As an answer to: 30 years too late written by Danalee at 20 Jun 2004 03:19:20:

>foreskin hung out over the glans, very ragged and long. You couldn't even see >the glans, ever
>embarassment. Looking back I don't understand why a physician/pediatrician
>didn't step in at some point. Surely, it must've been apparent that this was not
>healthy?

Yes and no. If the foreskin can retract when flaccid but not when hard, then a physician may not notice anything wrong since he can retract foreskin and see there there are no infections.

Or it could be that the physician did recomment treatment to the guy and knew very well that his foreskin was not functioning properly, but the onwer consistently refused for whatever reasons (fear of pain, pride, refusing to admit he is "deffective" etc) and claims that his foreksin causes him no problems.

When I was a teenager, I too had long foreskin and although it could retract fully, I was concerned about its length and set out to find as much information as I could in medical books. Alas, while the problems of the foreskin (infections etc) and circumcision techniques were documented a billion times, there was very little if any documentation on how a normal foreskin was. (for instance, medical books showed no authoritative information on whether a "normal" foreskin retracted by itself or continued to stay on glans during erection).

With this in mind, if that is the information physicians had, then they had very little to judge your ex husband's foreskin, especially if he was in the USA. Without good documentation on the "normal foreskin", the only way for a physician to gauge a patient's foreskin would be to compare it against all the other foreskins's he has seen in his job. And in the USA, the average physician hasn't seen enough foreskin to be able to pass judgement on an individual foreskin, and your ex's physician may have though your husband's foreskin was perfectly average and thus didn't make a fuss about it.

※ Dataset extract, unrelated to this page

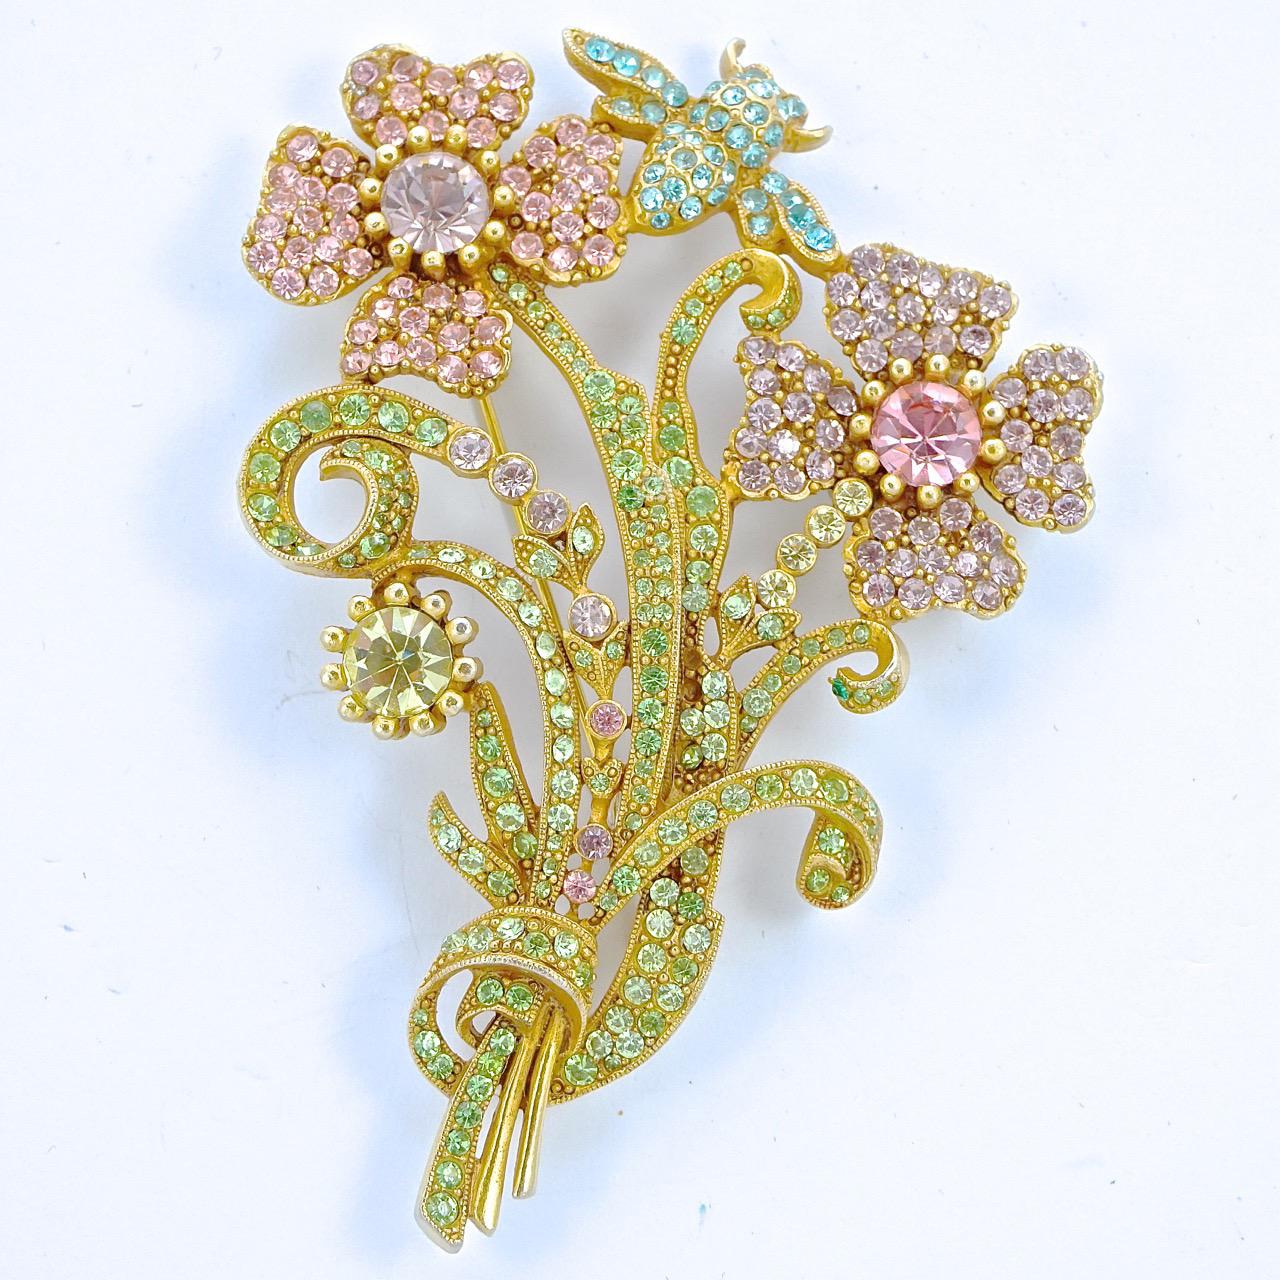 Fabulous vintage Butler & Wilson gold tone flower and bee brooch, and matching flower earrings. The brooch is set with sparkling crystals - lime green leaves, pale pink and pale lilac flowers, and aqua blue crystals for the bee. The brooch measures

Also note that 30 years ago, the term "partial circumcision" where the foreksin is just shortened instead of totally removed was unknown and doctors would have refused such a treatment (many are still quite reluctant). Even some 20 years ago, when my foreskin was trimmed, it was still very rare, and it is only because I had read about it in a short passage in one urology book that I knew it could be done.

I find it extremely hard to understand how a guy such as your ex would not have realised something was wrong with his penis, especially when sex with you just didn't work. I suspect he was more in denial.

Had you challenged his manhood/courage because he feared getting his penis fixed, I suspect he may have done something about it.